2024 March
The Budget Points to Effective Resource Utilization and Planning for Growth


As Hong Kong’s economy slowly recovers, there are high public expectations for the Government to allocate resources effectively to boost economic confidence, maintain sound public finance and support all sectors and industries. Terence Chong, Executive Director of Lau Chor Tak Institute of Global Economics and Finance at CUHK, believes the new Budget has made appropriate responses to address these demands.


Scrapping property cooling measures boosts economic confidence

As the city gets on the path to post-pandemic normalcy, the Budget zeroes in on promoting financial and economic activities. Chong says scrapping all property cooling measures is a key highlight which will definitely boost economic confidence. “Hong Kong’s economy relies heavily on finance, which in turns relies on investor confidence. Since the removal of property cooling measures, we have seen a clear turn in the market and the public is now willing to put their wealth into the property market. When property prices regain upward momentum and the public gradually gains confidence, the financial markets will be more active and vigorous, and the overall economic recovery will gather speed.”


He also points out that going forward financial and commercial exchanges between Hong Kong and the Mainland will continue to increase. Supported by advances in science and technology, as well as complementary measures proposed in the Budget, including deepening the connectivity mechanism, the second phase of the e-HKD trial, gearing up preparations to introduce the RMB counter for Hong Kong Stock Connect, and tax reductions to attract Mainland and overseas family offices, overall capital and information exchange in the Guangdong-Hong Kong-Macao Greater Bay Area will be further strengthened. Hong Kong businesses will enjoy a wealth of development opportunities.


Public finance backed by trillion-dollar exchange fund

On the public finance front, the Budget adopts a comprehensive fiscal consolidation plan and adheres to the principle of keeping expenditure within the limits of revenue.

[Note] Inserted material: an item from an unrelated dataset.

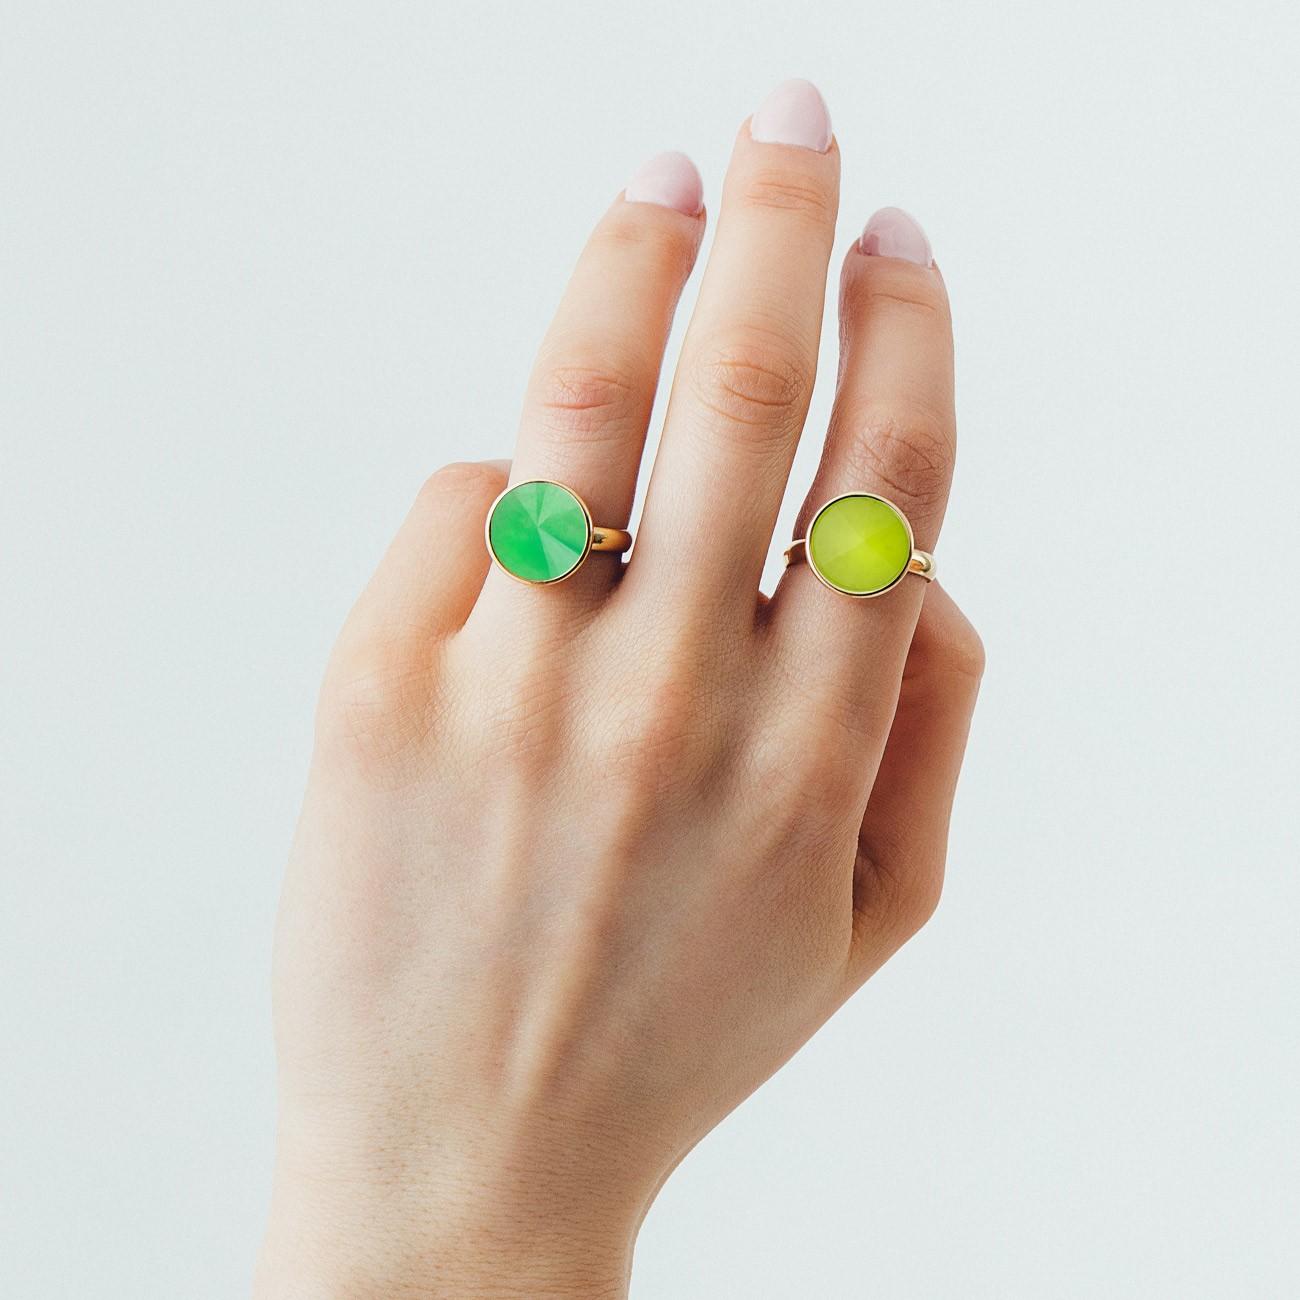 Srebrny pierścionek kamień naturalny chryzopraz, srebro 925

The aim is to gradually narrow the deficit and restore fiscal balance. Key measures of the plan include controlling operating expenditure increases, prioritizing government capital works and adjusting taxes to increase revenue. Efforts will also be made to maintain government borrowing at a healthy level.


In this regard, Chong believes that the government’s policy is adequate and he does not think Hong Kong is trapped in a structural deficit. He stressed that Hong Kong’s public finance remains sound and we should not base our judgment solely on the deficit. “In fact, assets of the Exchange Fund also provide important financial support for Hong Kong. This is our unique advantage. The Exchange Fund currently has over HKD4,000 billion in total assets. Last year, when interest rates trended up, it recorded an investment income of HKD212.7 billion, which was already higher than the fiscal deficit in the same period.”


I&T and tourism are bolstering recovery

The Budget also highlights the need to support development of various industries, such as focusing on the I&T sector and promoting the development of the Northern Metropolis with proposed bond issues, empowering startups, setting up a HKD10 billion New Industrialization Acceleration Scheme and earmarking HKD3 billion for the AI Subsidy Scheme. Chong points out that while finance and export are the bread and butter for Hong Kong, developing the I&T industry is a new way out. Taking the Northern Metropolis as an example, this new district will integrate with the Mainland to create opportunities for industrializing technology R&D deliverables. It can also attract talents to Hong Kong and give rise to vibrant economic activities.
Chong also believes that the Budget will help maintain land prices and benefit local services, catering and hotel industries by allocates resources to promote Hong Kong’s tourism and event economy. All in all, if the property market remains sound and the public regains confidence in financial activities and seize the opportunities presented by the overall national development, he believes 2024 will be a new starting point for Hong Kong’s economy to prioritize stability while pursuing progress.